Single by Electric Light Orchestra

from the album Eldorado
- B-side: "Illusions in G Major"
- Released: November 1974 (US) January 1975 (UK)
- Recorded: 1974 De Lane Lea Studios
- Genre: Soft rock
- Length: 4:23 (Album version) 3:07 (Single edit)
- Label: Warner Bros. (UK) United Artists (US)
- Songwriter: Jeff Lynne
- Producer: Jeff Lynne

Electric Light Orchestra singles chronology
| "Ma-Ma-Ma Belle" (1974) | "Can't Get It Out of My Head" (1974) | "Boy Blue" (1975) |

Eldorado track listing
- 10 tracks Side one "Eldorado Overture"; "Can't Get It Out of My Head"; "Boy Blue"; "Laredo Tornado"; "Poor Boy (The Greenwood)"; Side two "Mister Kingdom"; "Nobody's Child"; "Illusions in G Major"; "Eldorado"; "Eldorado Finale";

Music video
- "Can't Get It Out of My Head" on YouTube

= Can't Get It Out of My Head =

Song written by Jeff Lynne and originally recorded by Electric Light Orchestra

"Can't Get It Out of My Head" is a song written by Jeff Lynne and originally recorded by Electric Light Orchestra (also known as ELO).

First released on the band's fourth album Eldorado in September 1974, the song is the second track on the album and follows "Eldorado Overture". The song was released in November the same year as a single.

The song became the band's first top 10 single in the United States, reaching number 9, and helped boost public awareness of the band in the U.S., although the single and LP failed to chart in the UK. In 1978, it was included as the lead song on the four-track The ELO EP (UK release), reaching number 34 on the UK charts.

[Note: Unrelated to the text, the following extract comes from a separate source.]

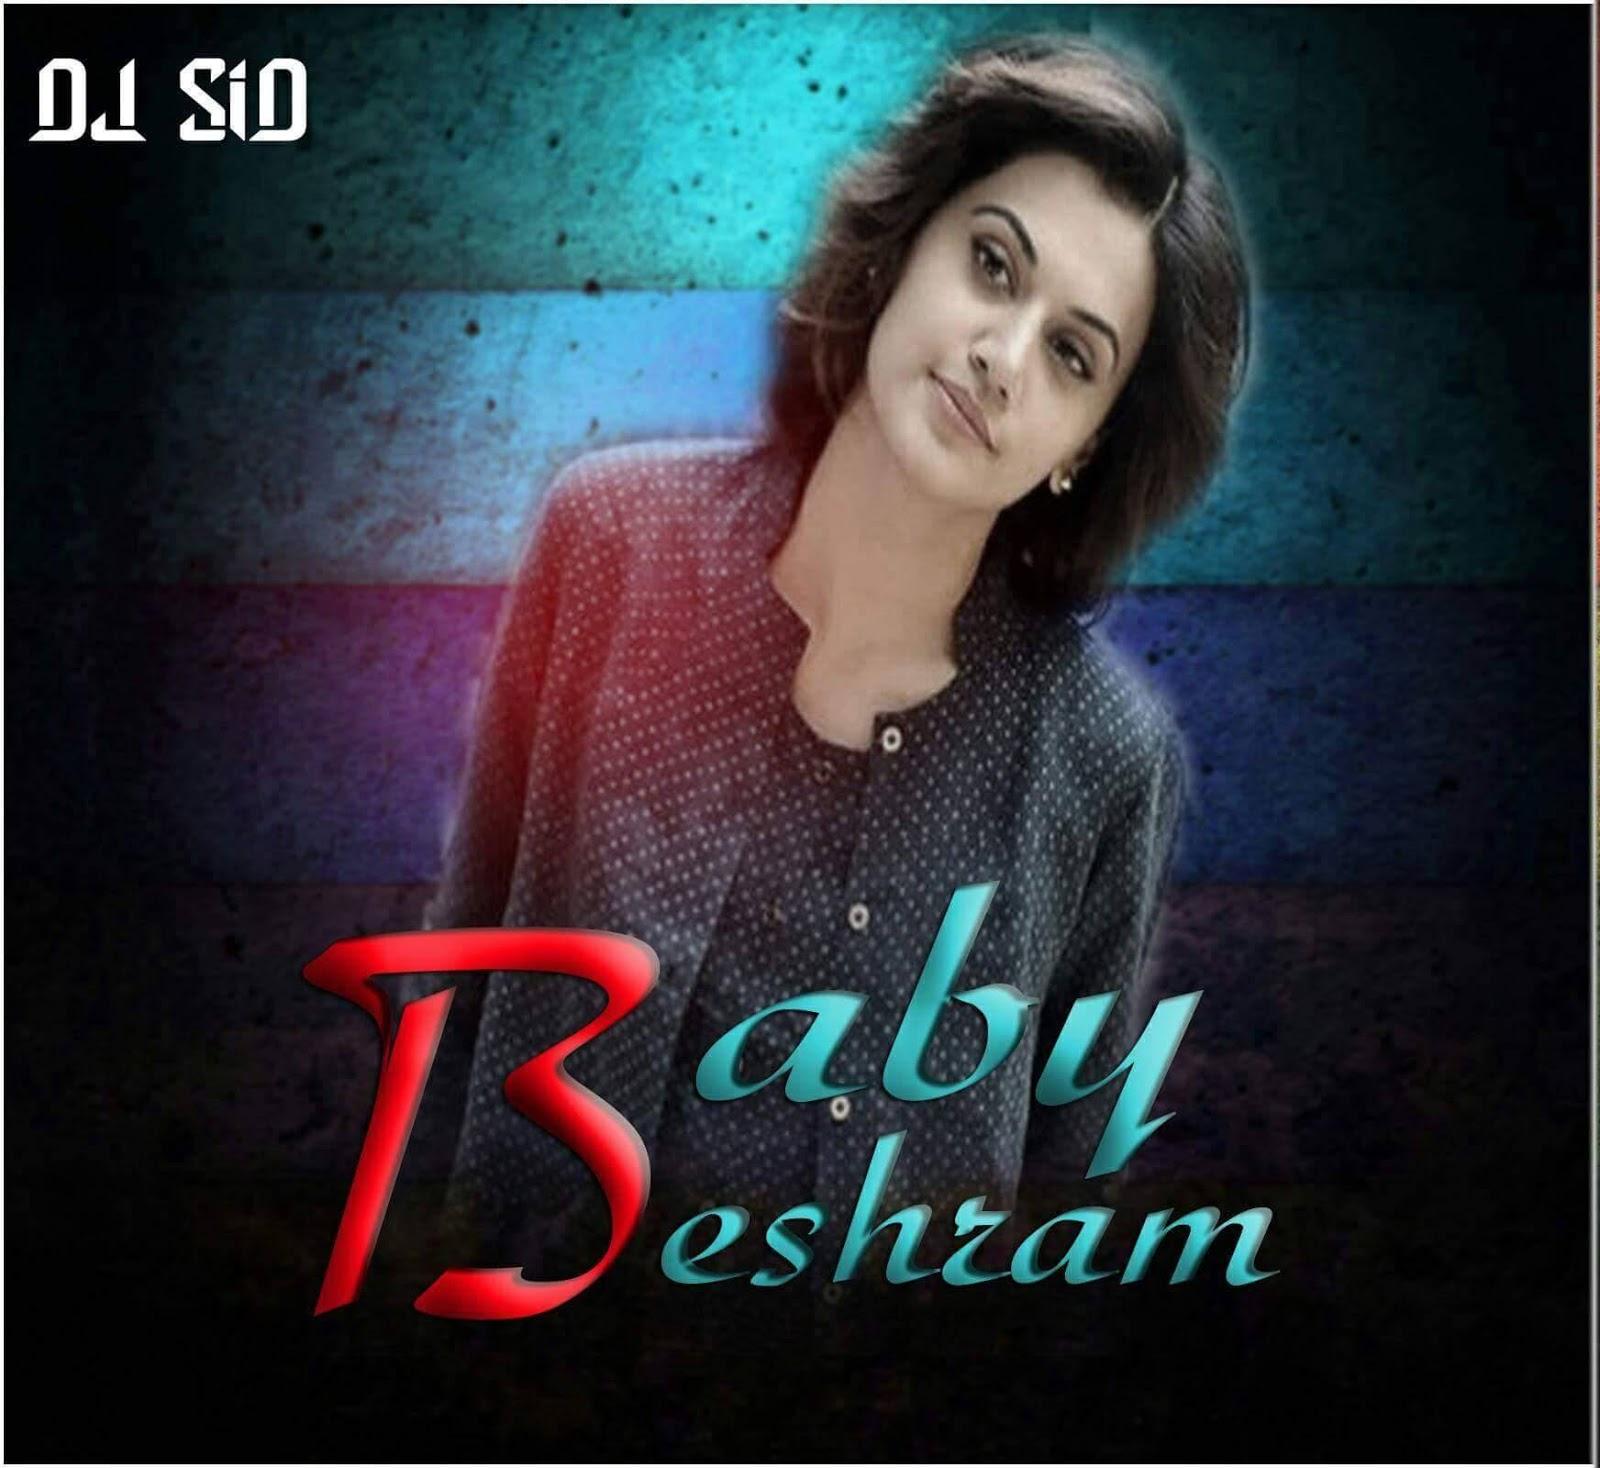 Bhagwa Rang Dj: Baby Beshram (Edm Mix) Dj Sid Jhansi

The song has appeared on many ELO compilation albums.

==Background==
Lynne wrote "Can't Get It Out of My Head" partially in response to his father's criticism that the previous songs he wrote did not have any tune, wanting to show that he could write a song with a beautiful melody.

Lynne has stated that the lyrics "were about a man who was dreaming, sees this vision of loveliness and wakes up and finds that he's actually a clerk working in a bank" and so will not be able to act on this dream.

== Critical reception ==
Record World said that "Jeff Lynne and company brew up a brilliant batch of hook melody strains from the last decade of ballads into one fresh triumph."

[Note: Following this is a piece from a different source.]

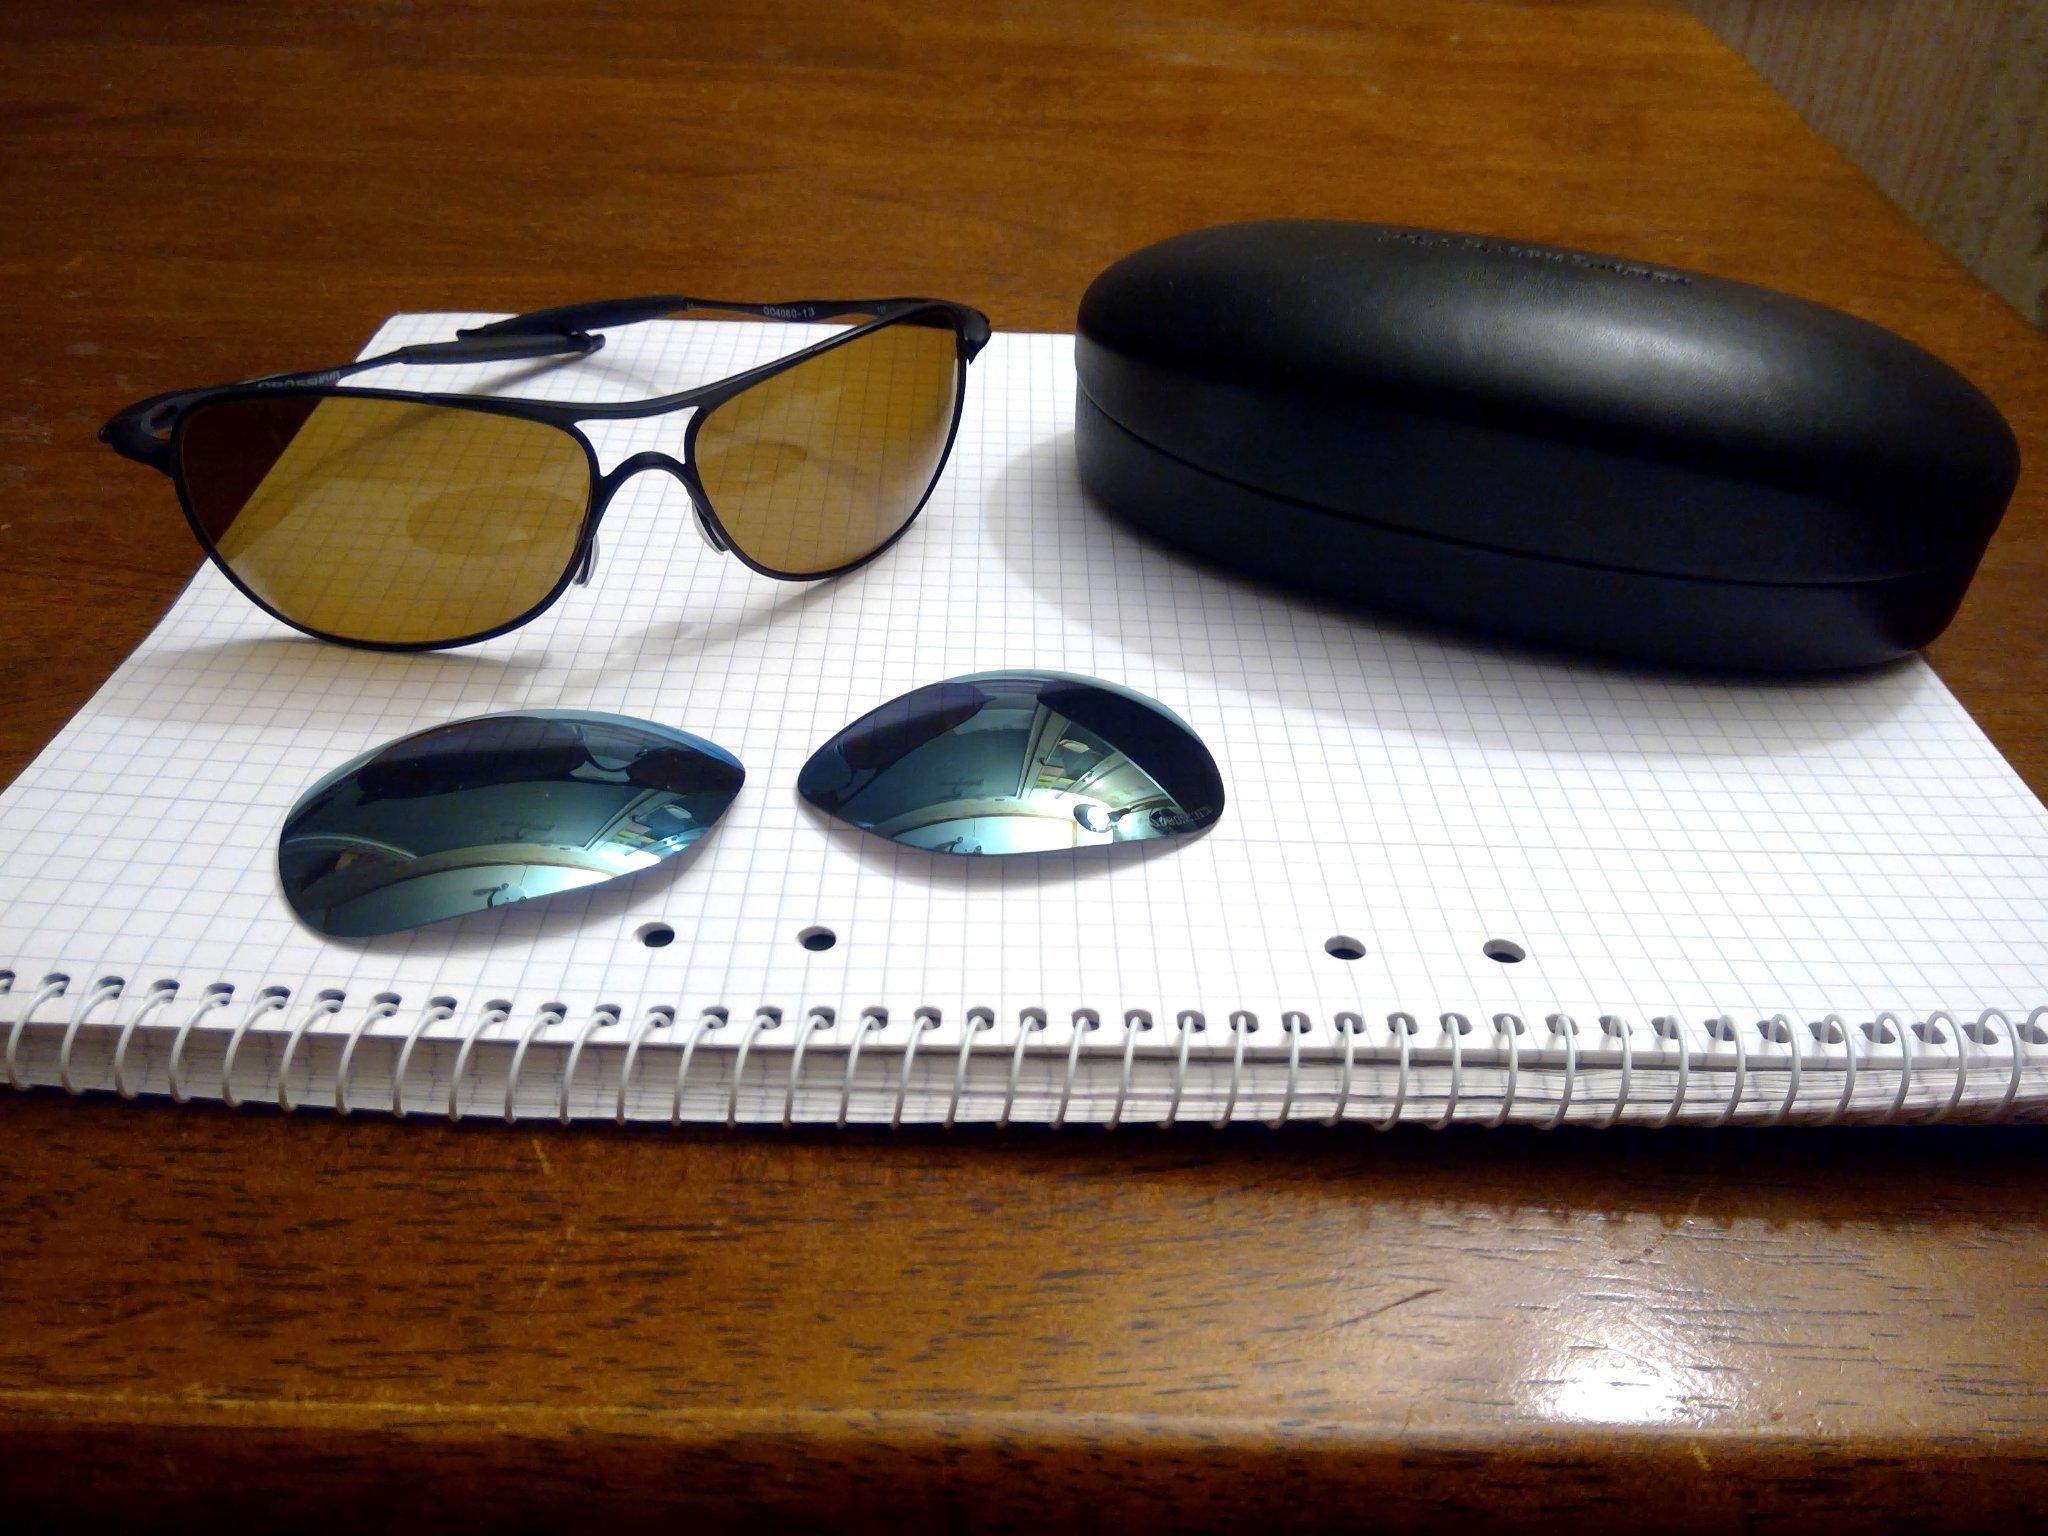 Oakley Crosshair Hög Kvalitets Solglasögon me.. (355807159

AllMusic's Mike DeGagne said the song would become "one of Electric Light Orchestra's most beautiful ballads" thanks to "the rich backdrop of strings (especially cello) and the steady, delicate cymbal taps that enhance the song's charm", adding: "there's an honest simplicity built around the dynamics of the relaxed rhythm and it's this enchanting air, mixed with the storybook lyrics and poetic wonderment of the song that carries the listener away, even if they're indecipherable at times", considering the song as "the band's best example of this recipe implemented toward a slower style".

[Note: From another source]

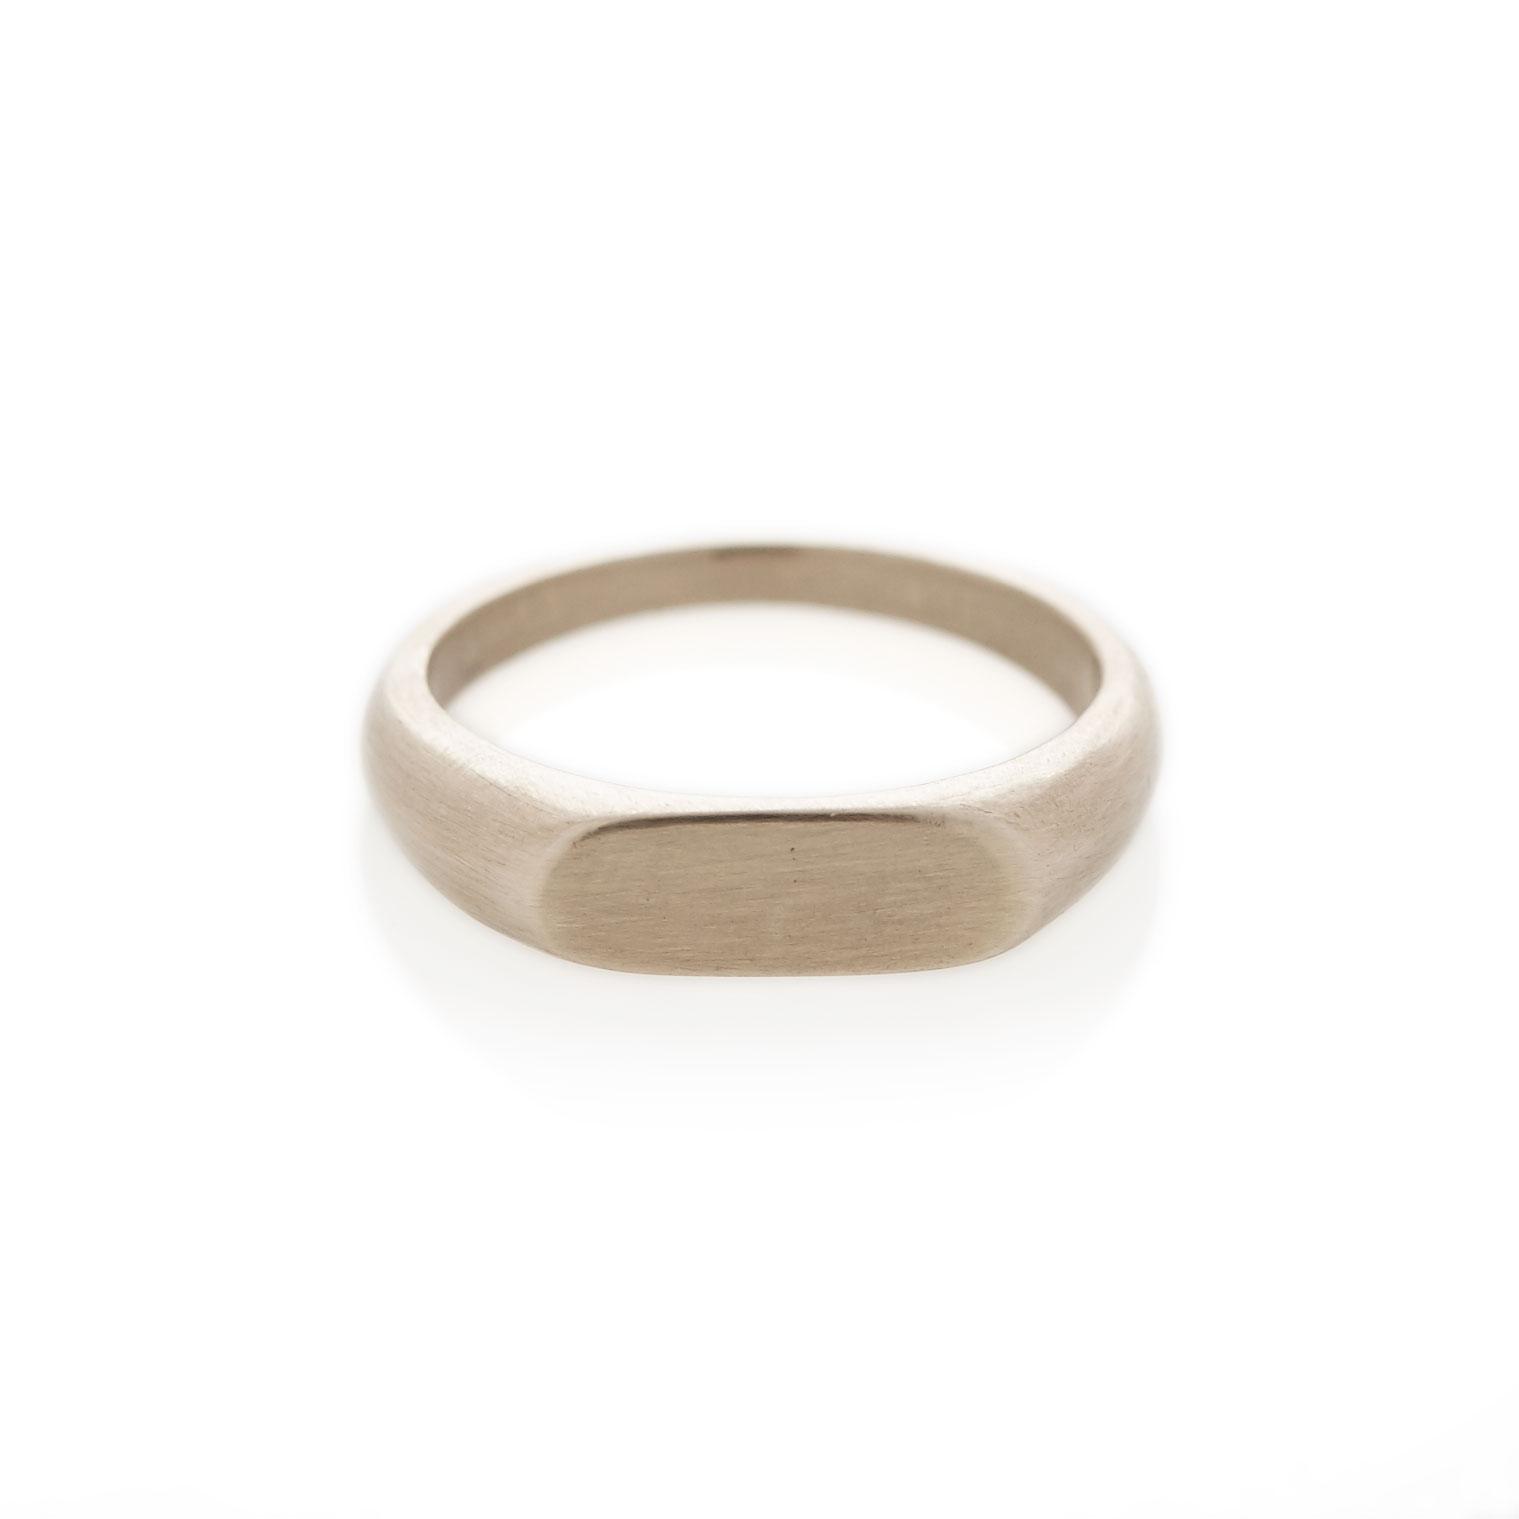 9ct white gold landscape signet ring

Classic Rock History critic Brian Kachejian rated it as ELO's 10th best song, calling it a "sentimental grooving ballad." Ultimate Classic Rock critic Michael Gallucci rated it as ELO's 9th best song. Stereogum contributor Ryan Reed rated it as ELO's 4th best song.

== Personnel ==
Credits adapted from "Can't Get It Out of My Head" liner notes.

Electric Light Orchestra

- Jeff Lynne – lead vocals, guitar, Moog synthesizer, arrangements
- Richard Tandy – piano, Moog synthesizer, arrangements
- Michael De Albuquerque – bass
- Bev Bevan – drums, percussion
- Michael Edwards – cello
- Mik Kaminski – violin
- Hugh McDowell – cello

Additional musicians

- Louis Clark – orchestra conducting, arrangements

Production

- Jeff Lynne – production
- Dick Plant – engineering
- Mike Pela – engineering
- Kenny Denton – engineering assistance
- John Richards – engineering assistance

Recording

- Recorded at De Lane Lea Studios, London.

==Chart performance==

===Weekly charts===

| Chart (1974–1975) | Peak position |
|---|---|
| Australia Kent Music Report Singles Chart | 59 |
| Canada RPM Top Singles | 25 |
| Dutch GfK chart | 20 |
| US Billboard Hot 100 | 9 |
| US Cash Box Top 100 Singles | 14 |
| US Record World Singles | 23 |
| US Radio & Records (R&R) | 27 |

===Year-end charts===

| Chart (1975) | Rank |
|---|---|
| Canada | 185 |
| US Billboard | 81 |
| US Opus | 72 |

==Jeff Lynne versions==

Jeff Lynne re-recorded the song in his own home studio. It was released in a compilation album with other re-recorded ELO songs under the ELO name.

In 2012, as part of the concert from his home studio, Live From Bungalow Palace, Lynne performed an acoustic version of the song with longtime ELO pianist Richard Tandy.